Benjamin Wallace was seated behind his desk. He glanced up as Paige walked in. “Good afternoon, Dr. Taylor.”
“Good afternoon.”
Wallace cleared his throat. “Well! Your first day and you’ve already made quite an impression!”
Paige looked at him, puzzled. “I … I don’t understand.”
“I hear you had a little problem in the doctors’ dressing room this morning.”
“Oh.” So, that’s what this is all about!
Wallace looked at her and smiled. “I suppose I’ll have to make some arrangements for you and the other girls.”
“We’re …” We’re not girls, Paige started to say. “We would appreciate that.”
“Meanwhile, if you don’t want to dress with the nurses …”
“I’m not a nurse,” Paige said firmly. “I’m a doctor.”
“Of course, of course. Well, we’ll do something about accommodations for you, doctor.”
“Thank you.”
He handed Paige a sheet of paper. “Meanwhile, this is your schedule. You’ll be on call for the next twenty-four hours, starting at six o’clock.” He looked at his watch. “That’s thirty minutes from now.”
Paige was looking at him in astonishment. Her day had started at five-thirty that morning. “Twenty-four hours?”
“Well, thirty-six, actually. Because you’ll be starting rounds again in the morning.”
Thirty-six hours! I wonder if I can handle this.
She was soon to find out.
Paige went to look for Kat and Honey.
“I’m going to have to forget about dinner and a movie,” Paige said. “I’m on a thirty-six-hour call.”

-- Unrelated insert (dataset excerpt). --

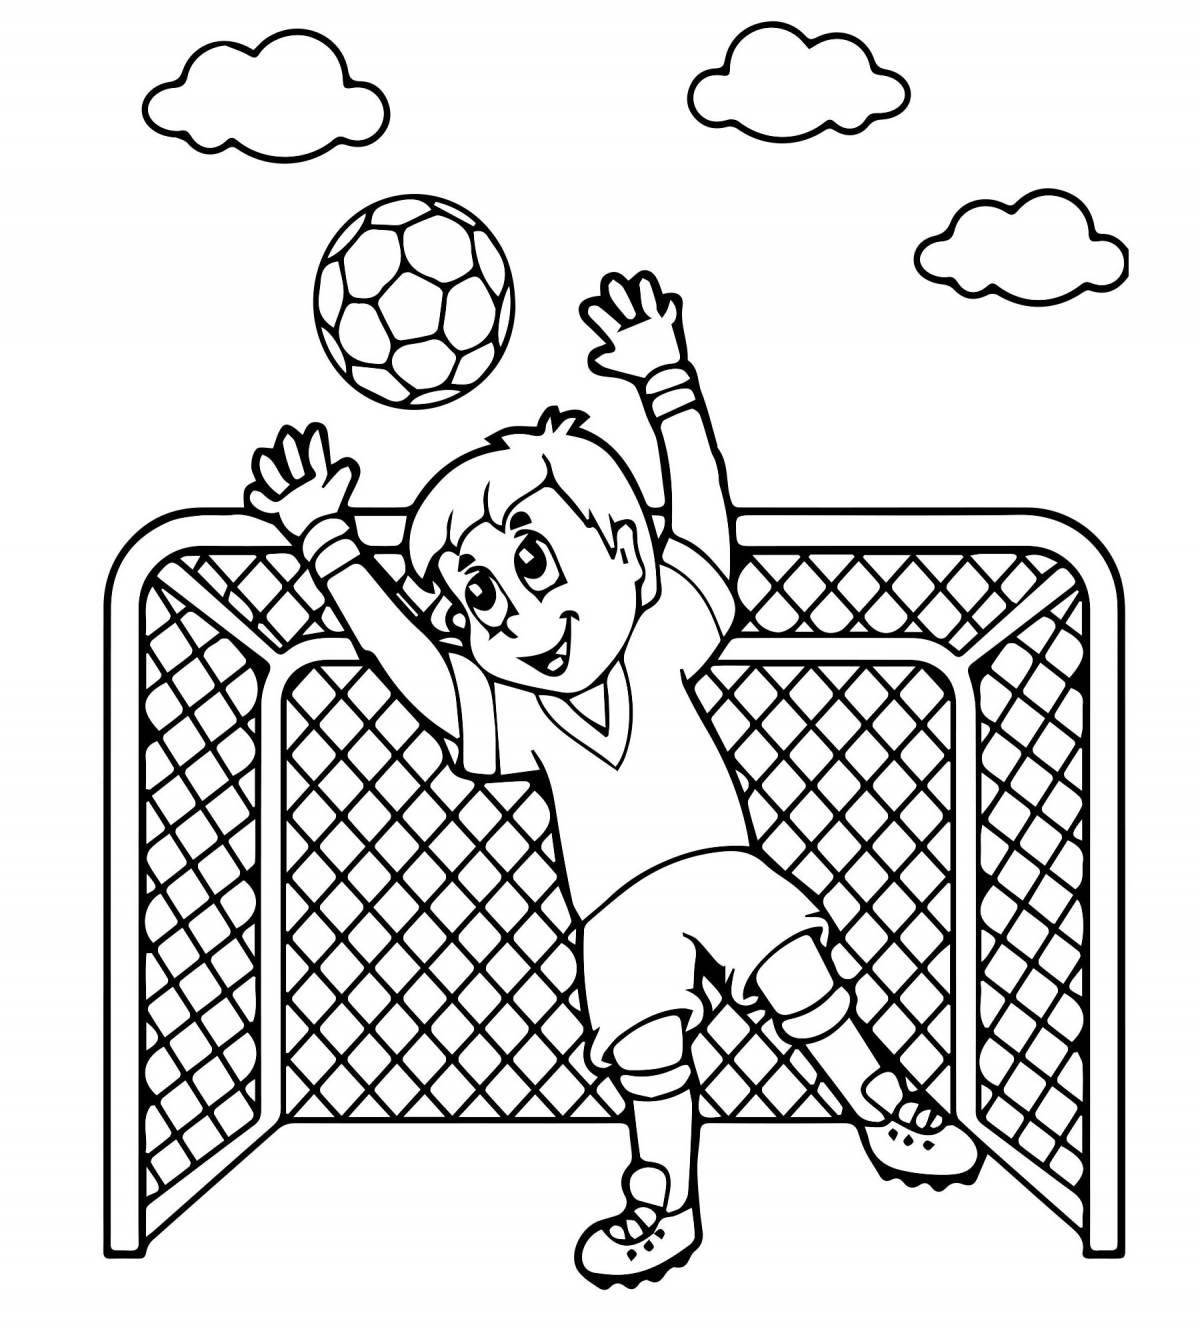 Coloring page dazzling goalkeeper

Kat nodded. “We just got our bad news. I go on it tomorrow, and Honey goes on Wednesday.”
“It won’t be so bad,” Paige said cheerfully. “I understand there’s an on-call room to sleep in. I’m going to enjoy this.”
She was wrong.
An orderly was leading Paige down a long corridor.
“Dr. Wallace told me that I’ll be on call for thirty-six hours,” Paige said. “Do all the residents work those hours?”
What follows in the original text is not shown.